### EXCERPTED RECORDS
*** Block opens ***
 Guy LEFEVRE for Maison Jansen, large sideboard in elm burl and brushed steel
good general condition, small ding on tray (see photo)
*** Block closes ***
*** Block opens ***
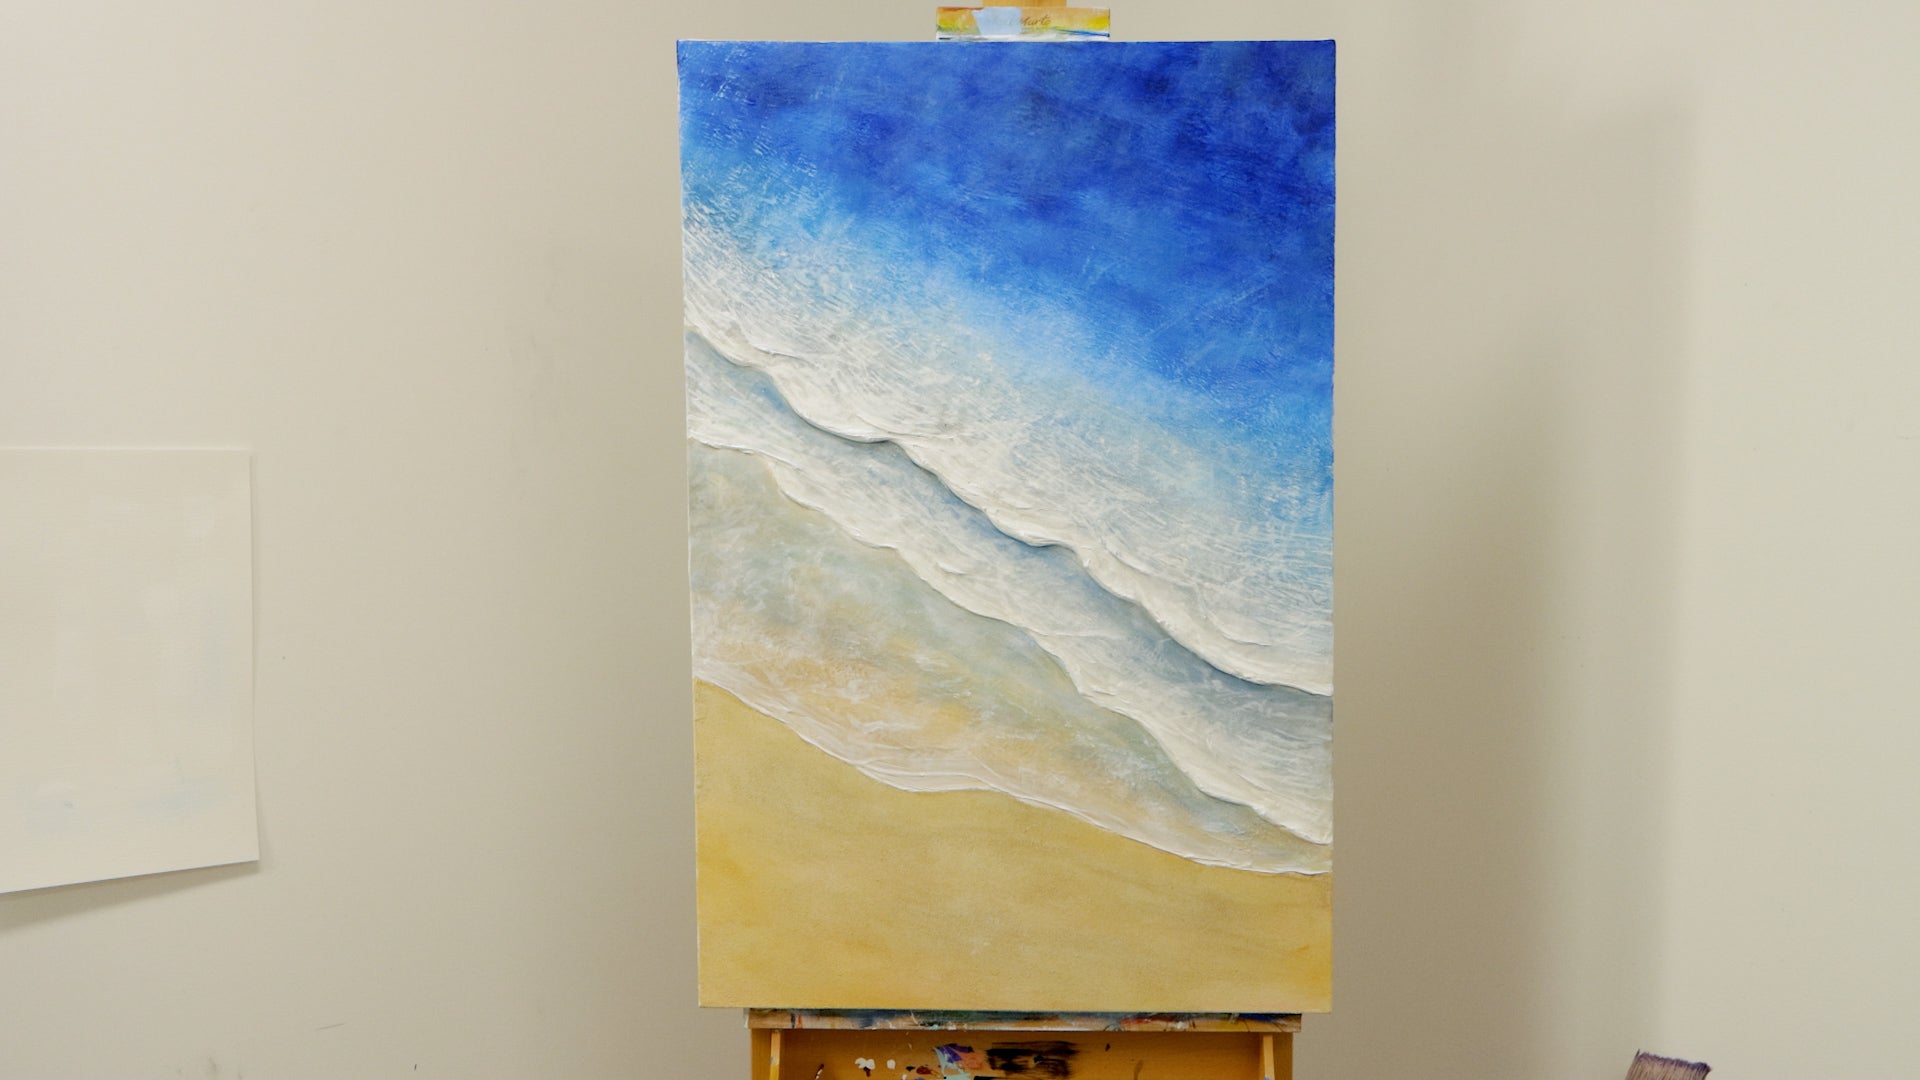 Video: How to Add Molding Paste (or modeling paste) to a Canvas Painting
*** Block closes ***
*** Block opens ***
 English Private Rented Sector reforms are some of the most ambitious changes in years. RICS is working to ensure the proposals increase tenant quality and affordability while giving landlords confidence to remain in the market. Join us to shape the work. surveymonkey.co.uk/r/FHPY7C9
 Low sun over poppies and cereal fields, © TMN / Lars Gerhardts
*** Block closes ***
### PROBLEM
Restate word for word the lines of the data above, starting at the line containing "Guy LEFEVRE for" and ending at the line containing "good general condition, small", both included, and nothing more.

### EXERCISE SOLUTION
 Guy LEFEVRE for Maison Jansen, large sideboard in elm burl and brushed steel
good general condition, small ding on tray (see photo)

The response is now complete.